Game of Thrones. I think many of us can admit there is a no-holds-bar story here that really grabs a hold of us. I haven’t read the books, and I won’t pretend that I haven’t loved the show. I have. I just don’t know if I continue it any more. At least not on a week-by-week basis.
I had no idea what to expect when I started watching it, but it’s quickly turned into a bit of a regret. The reason? Hopelessness.
I get it. I do. The real world is cruel, we suffer consequences to our actions. We make our beds, we lie in them, we deal, life goes on…most of the time. The same is true for a story, and in this case, more specifically, Game of Thrones. Not everybody lives. Or in GOT’s case, everybody dies! It’s a sad truth that we all recognize. It’s like real life! The thing is, I already live in real life. Real life is already difficult at times. I already see death and sacrifice. I’ve already experience loss and pain. I’ve made mistakes and luckily I’ve lived to learn from them. I’ve done all this. Not on the same grand scale of course, but it’s existent in my life nonetheless. I feel it’s safe to say it exists in all of our lives to some degree. But I don’t want to watch real life. I live in real life. I want a story. Something different. I want to be taken on an adventure, and one that I’m happy to be on. I’m not sure I share that happiness with GOT any longer.
***POSSIBLE SPOILERS AHEAD***
When Ned was taken in the first season, I was shocked. That word doesn’t even do true justice to how I felt. It was more like throwing a remote through a TV screen because it was the TV’s fault. I couldn’t believe it. Then Rob, Lady Stark, and a few others and I realized this show doesn’t hold back. How intense!
At first it was gripping. I couldn’t believe they would slaughter my favorites. Soon after the second season, I began to get bored with it. I continued, of course, because I loved what was being created. The tension was…well, intense! The action was thick and the characters were rich. As the story has progressed through, I feel like each season has let me down a little more. That’s not to say it isn’t all fantastically put together, it is. From acting to directing to screenplay–it’s all wonderful.

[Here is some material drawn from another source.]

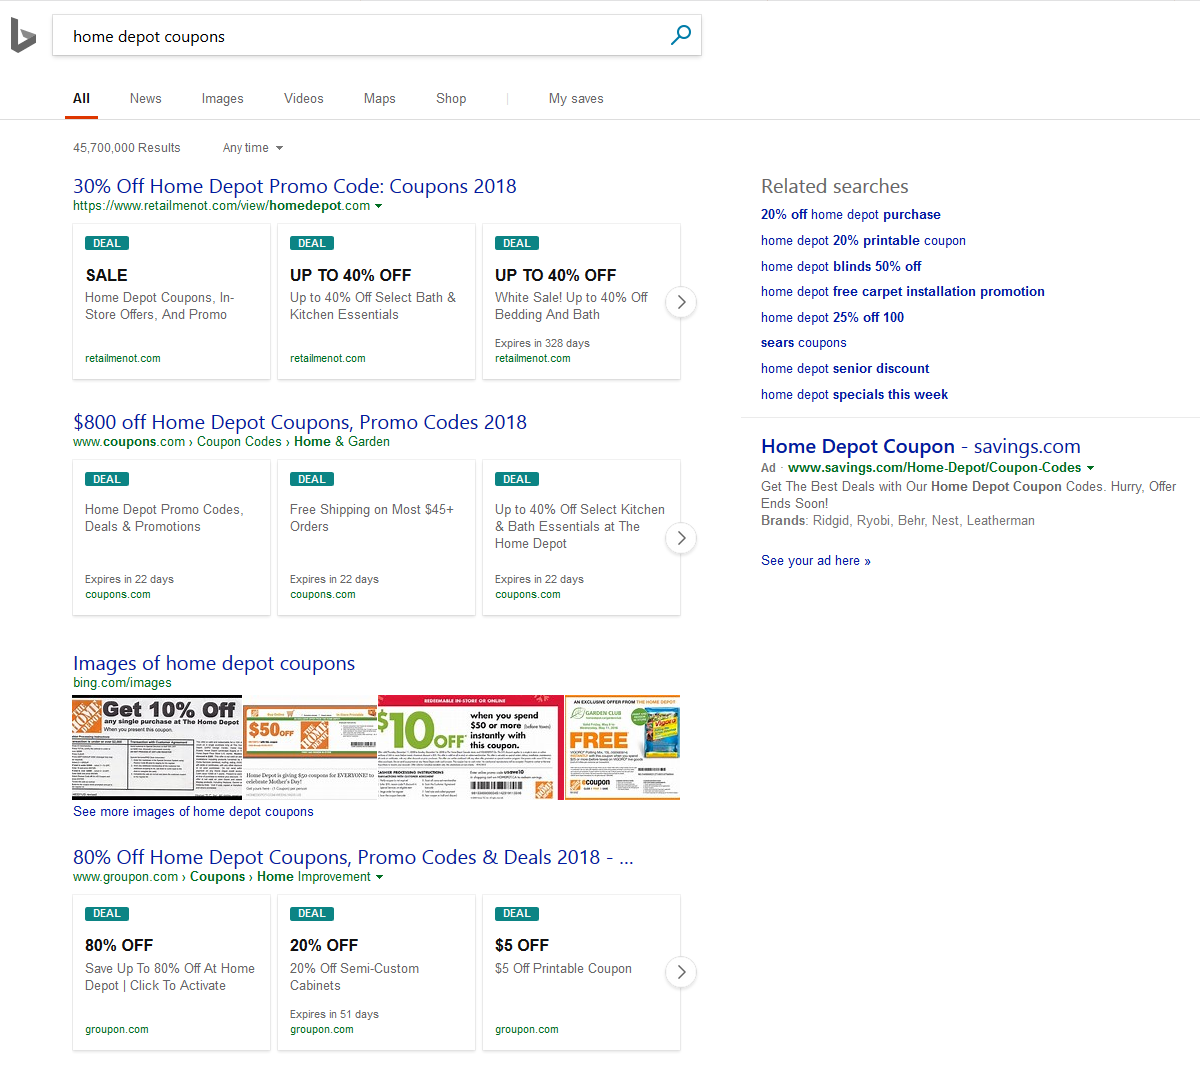 Bing Adds Coupon Carousels To Search Results For Retailers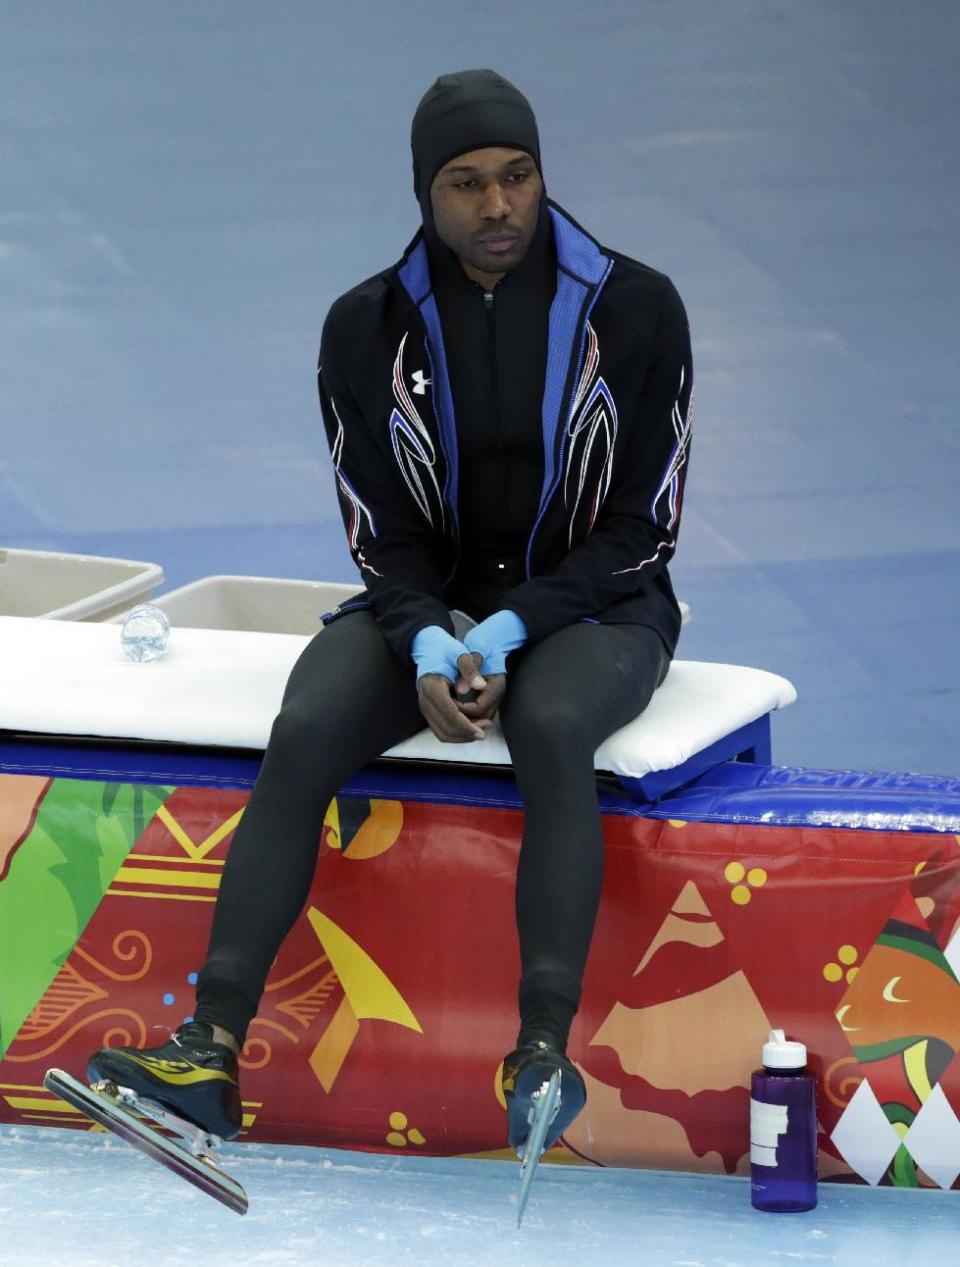 Shani Davis of the U.S. looks dejected after competing in the men's 1,500-meter speedskating race at the Adler Arena Skating Center during the 2014 Winter Olympics in in Sochi, Russia, Saturday, Feb. 15, 2014. (AP Photo/Matt Dunham)

I just don’t know that it’s for me anymore.
The reason for that feeling, I think, is the lack of hope. The entire reason I watch a show or movie, or read a book, is to enter another realm. My imagination joins with the creator’s for a little while and I let them take me on a whirlwind. Sometimes the bad guys win and sometimes I like that. It’s a nice change of pace. But it can’t be the only pace.
The thing is, hope must be kept alive and in long-running sagas, sometimes it must be re-instilled in the consumer of said content. GOT is quickly teaching me there is no reason to hope for anything in this world. Don’t get too attached to a character because they’ll die. Don’t hope to follow a story line because it’ll get sidetracked and the things you loved will disappear and be turned into something else. It’s as if the rules don’t apply because they don’t. There are no rules and nothing is off limits. Although I admit that was part of the charm that drew me in originally, it is unable to sustain me as a viewer forever. I need to be nourished occasionally, not simply starved.
Of course, this is just me. Me being tired of hoping endlessly and never being rewarded. NOTHING GOOD EVER HAPPENS. It’s almost too real for me. I escape to these worlds to experience action, magic, victory and loss via another person in another world, but I’m trusting the imagination luring me along that they’ll keep me safe. GOT doesn’t make me feel safe. At times that’s exciting, but too much of anything is never good. You need variety. GOT continues to kill and slaughter and come up with surprising ways to torture it’s characters, but it no longer surprises me. I appreciate the show, but I think for my own sake it’d be better off left for a binge-watching weekend once the season’s have been completed. I can’t tune in every week, excited to see what is to become of this old world, only to be disappointed each time. Once in a while I need a release. I need something good to happen. If GOT really wanted to trick me and it’s viewers, it should do something positive. I need you to trick me with kindness the way you once tricked me with death. Do something great. Make something wonderful happen. If as a viewer you want to surprise me, don’t just kill another person. There is no more shock in that. Make something amazing happen to someone. Now that would truly give me a shock worth tuning in once again. Why? Because it would reestablish the hope that had been beaten out of me each week for five season. Hope is what keeps me lingering. Take that away and I have nothing left to hang on to.